Murphy Announces ‘One Jersey Pledge’ as Unemployment Increases

Gov. Phil Murphy presented “One Jersey Pledge” at today’s COVID-19 press conference, which he said is “a pact between businesses and consumers on the one hand, and employers and employees on the other.” He added, “It lays out clearly that we all share a responsibility to see our restart and recovery through.”

Murphy said the pact will provide reopening guidance for businesses, including the placement of signs in stores and worksites across the state.

The New Jersey Business Coalition (which includes the New Jersey Business & Industry Association and more than 100 other leading business and nonprofit groups) specified that One Jersey Pledge is “a series of safety protocols that enable businesses and organizations to objectively demonstrate the steps that have been taken to keep their premises safeguarded. We believe this will build confidence amongst employees and patrons.”

The New Jersey Business Coalition’s statement from today also reads, in part, “With the safety protocol boxes in place as demonstrated by the One Jersey Pledge, we believe there should be no further delay in reopening those businesses that can do so responsibly.”

It adds, “We respect the Governor’s phased-in reopening plan and regard for protecting human health. But the lifting of restrictions for certain activities versus others and the slow pace of some aspects of state issued guidance is leaving on the sidelines thousands of businesses that can safeguard now and will pledge to do so. ”

The statement also says, “Meanwhile, New Jersey consumers are now traveling to neighboring states like Delaware and Pennsylvania for a trip to a salon, a hairstylist or a restaurant. Additionally, municipalities are now passing ordinances to open at a more rapid pace and the situation only gets more confusing and economically harmful to business owners.”

Asbury Park

With New Jersey still in Stage 1 of its reopening plan – and with Stage 2 set for Monday, June 15 – Gov. Phil Murphy addressed Asbury Park’s widely watched plan to reopen indoor dining within its city limits, calling the actions “… inconsistent with my executive order.”

He added, “We cannot have one set of rules for one town, and another for another town. We move as one state, guided by science and data. Period.”

Murphy appeared to be referring to March’s Executive Order No. 108, which essentially stipulates, in part, that municipalities and counties cannot create their own rules, separate and apart from the state’s executive orders and administrative orders.

Unemployment Update

Unemployment claims for the week ending June 6 were 23,166, adding slightly to what is now a cumulative total of 1,215,167 unemployment claims since March 15, the New Jersey Department of Labor and Workforce Development (LWD) announced today. The state’s entire nonfarm workforce is 4.2 million.

Of the unemployment scenario, Murphy said at today’s press conference, “The number of New Jerseyans who have claimed weekly benefits since COVID-19 sidelined so many of our businesses is by far the largest volume the state labor department has ever served in such a short period of time.”

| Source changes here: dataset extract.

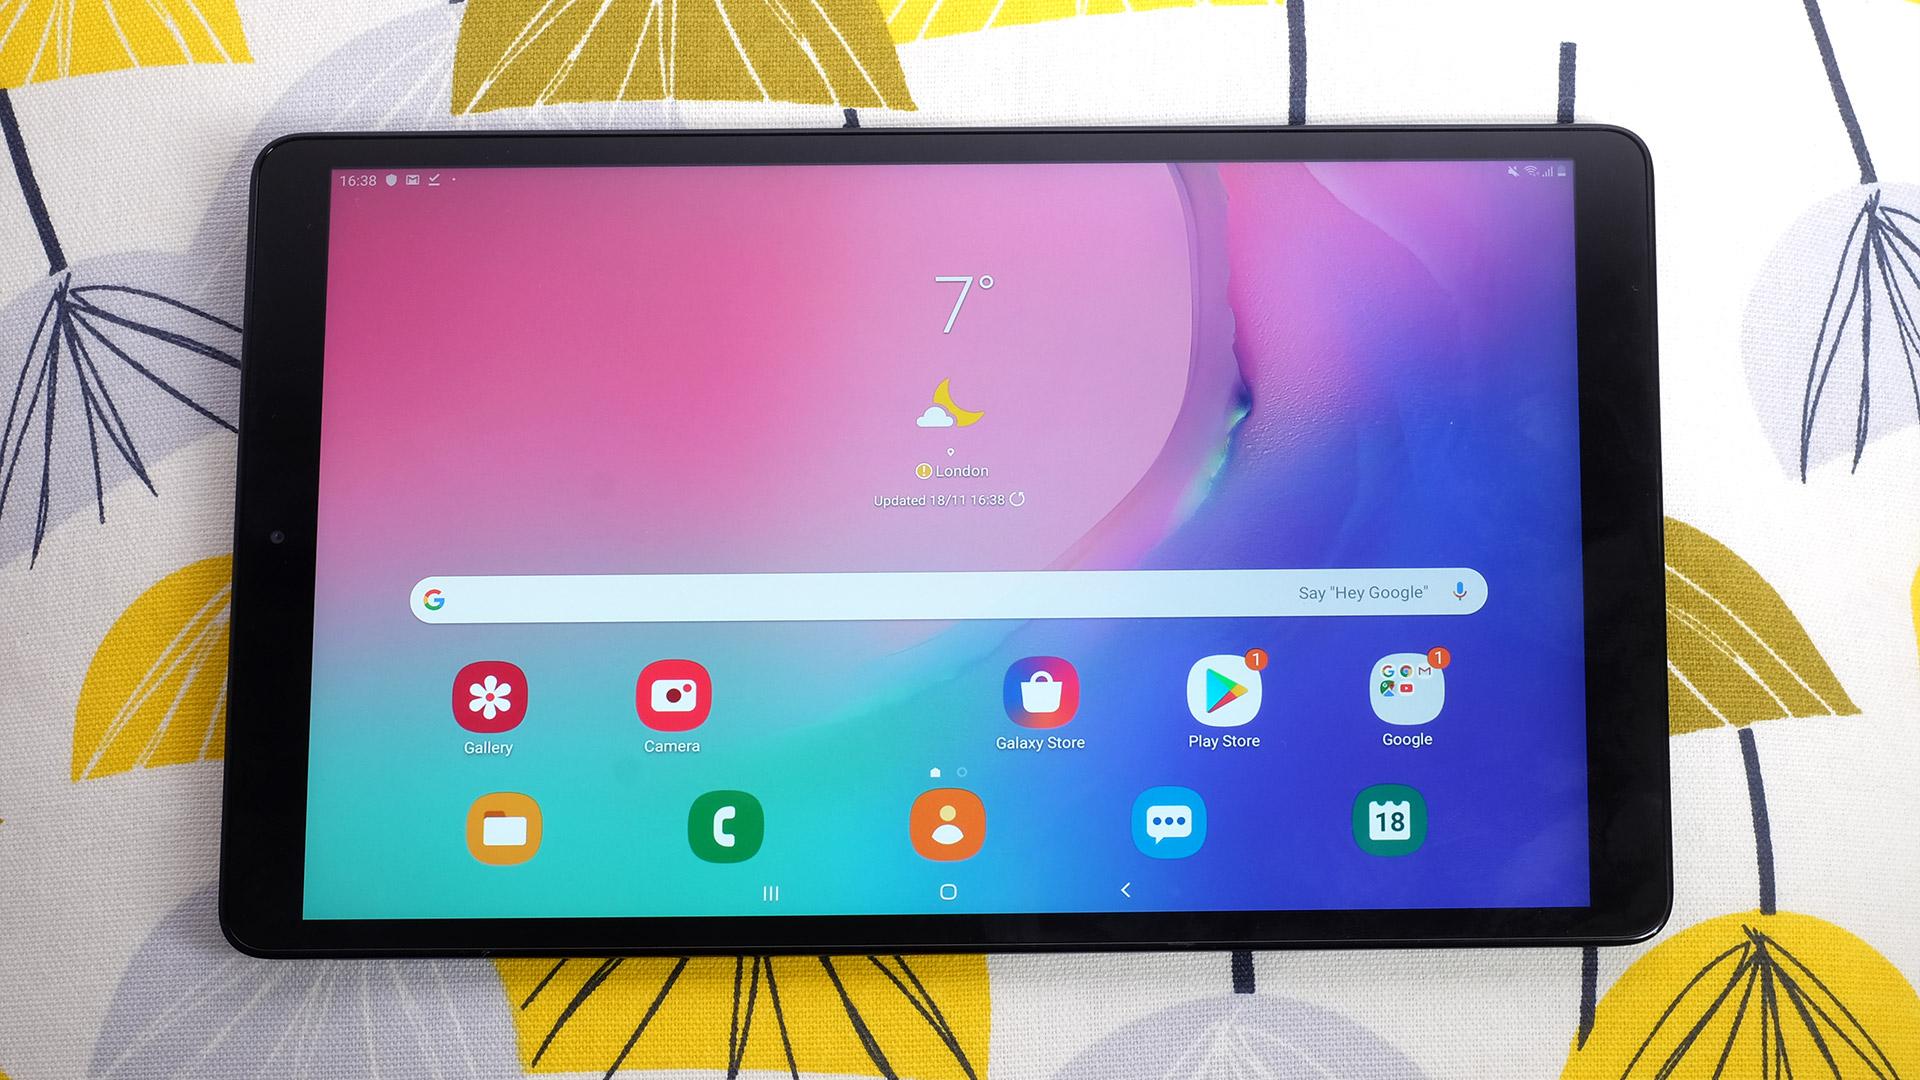  Samsung Galaxy Tab A 10.1 (2019) - Dépassée, mais toujours efficace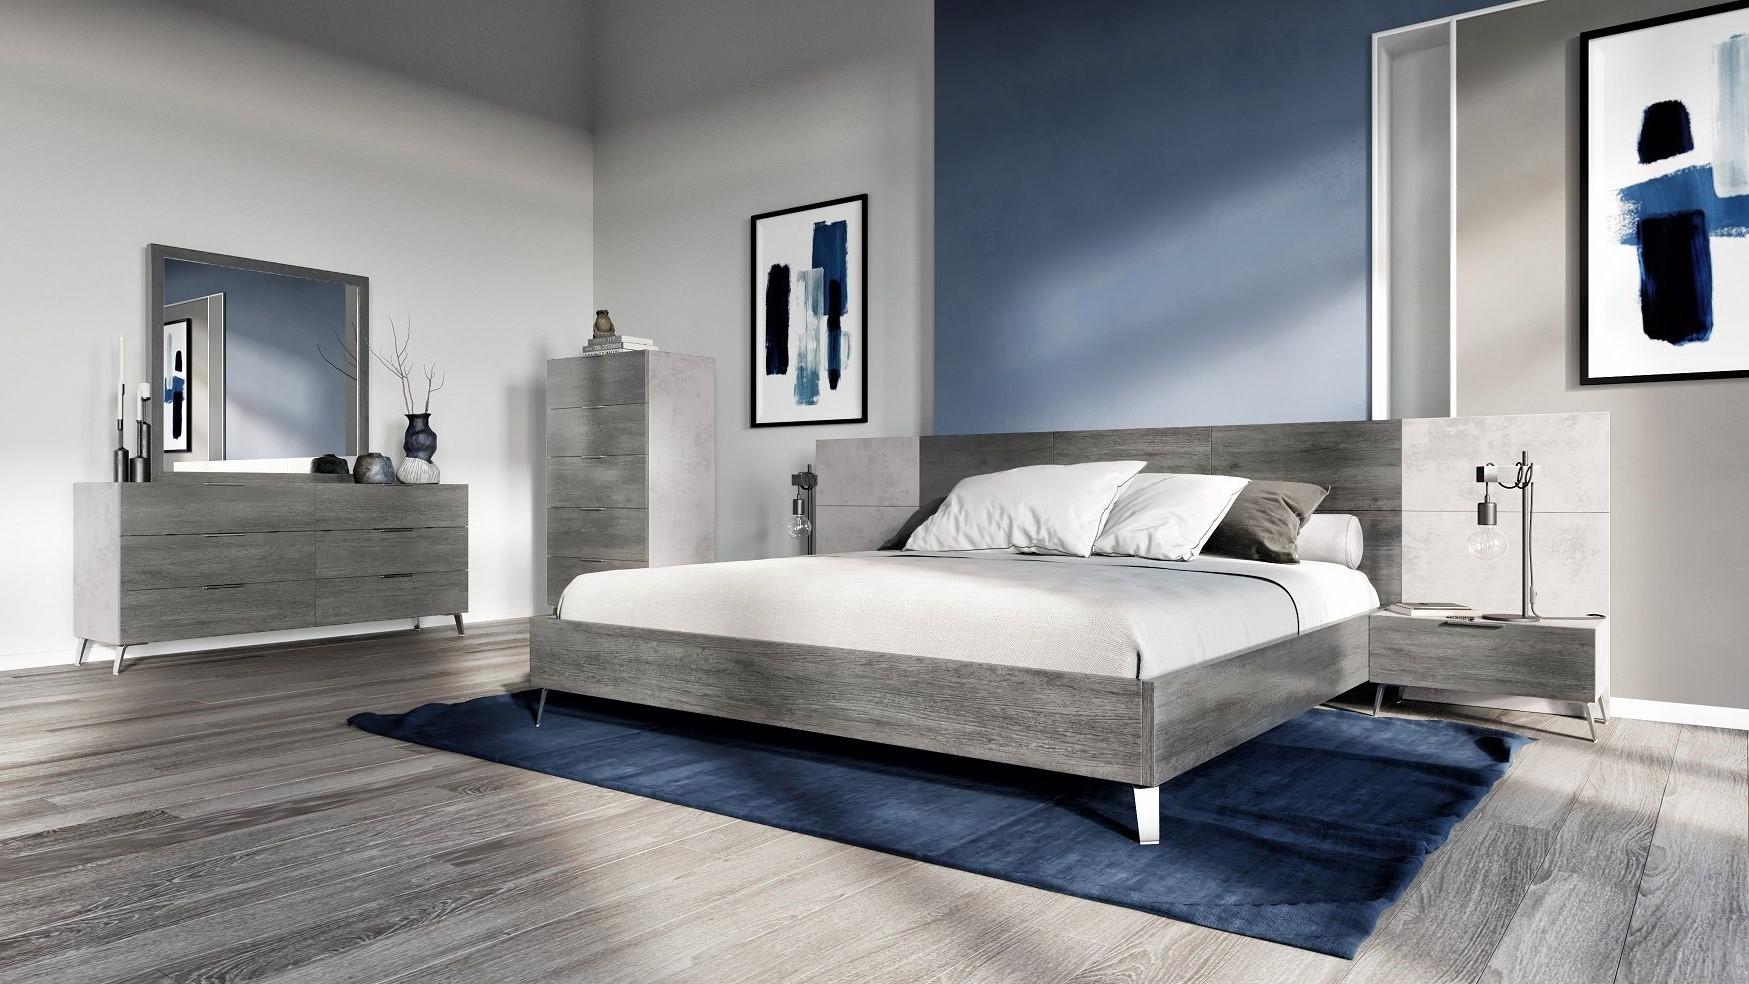 

    
VGACBRONX-SET-K-6pcs Faux Concrete & Grey Bed King Panel Bedroom Set 6Pcs by VIG Nova Domus Bronx

Murphy added that 94% of claimants have been paid, receiving a total of $6.5 billion, “and the [New Jersey Department of Labor & Workforce Development] will not rest until every claim is settled and every penny is properly distributed.”

LWD Commissioner Robert Asaro-Angelo was present at today’s press conference, and noted that the department’s new, contracted call center will begin operating next week, and that “this will have a significant impact on being able to have more claimants talk to somebody.”

He added, “And this is in addition to the hundreds more of our own employees and staff lent to us from other state agencies who are continually being enlisted to help us. This is incredibly important, because it will free up our more experienced agents to focus on more complex claims in which there is a sticking point.”

Not Returning to Work

Asaro-Angelo said that while the unemployment insurance system places a great emphasis on working and attempting to find work, he added: “Nevertheless, our laws make clear that where [an employee] raises substantial health and safety concerns, and the employer fails to remedy such concerns, that worker may lawfully refuse to return to work and continue collecting UI benefits. This determination is highly fact specific, and it is not easily met.” He said that LWD is today releasing guidance surrounding these principles for both businesses and workers, within the context of the coronavirus pandemic.

The guidance additionally focuses on high-risk individuals with serious, underlying health conditions, as well as people who are unable to return to work because a child’s school or daycare facility remains shuttered due the coronavirus pandemic (the latter individuals may be eligible for Pandemic Unemployment Assistance, he said). More details are available at

Separately, LWD is receiving $8.5 million via the COVID-19 Disaster Recovery National Dislocated Worker Grant from the United States Department of Labor, according to Asaro-Angelo. These monies, he said, will be used for partnering with county workforce development boards on “job development, short-term skills training, and on-the-job training.”

He added, “As some jobs wane because of the pandemic, and new opportunities are created in its wake, we want to make sure we are doing all we can to prepare New Jerseyans for the future of work in this great, resilient state.”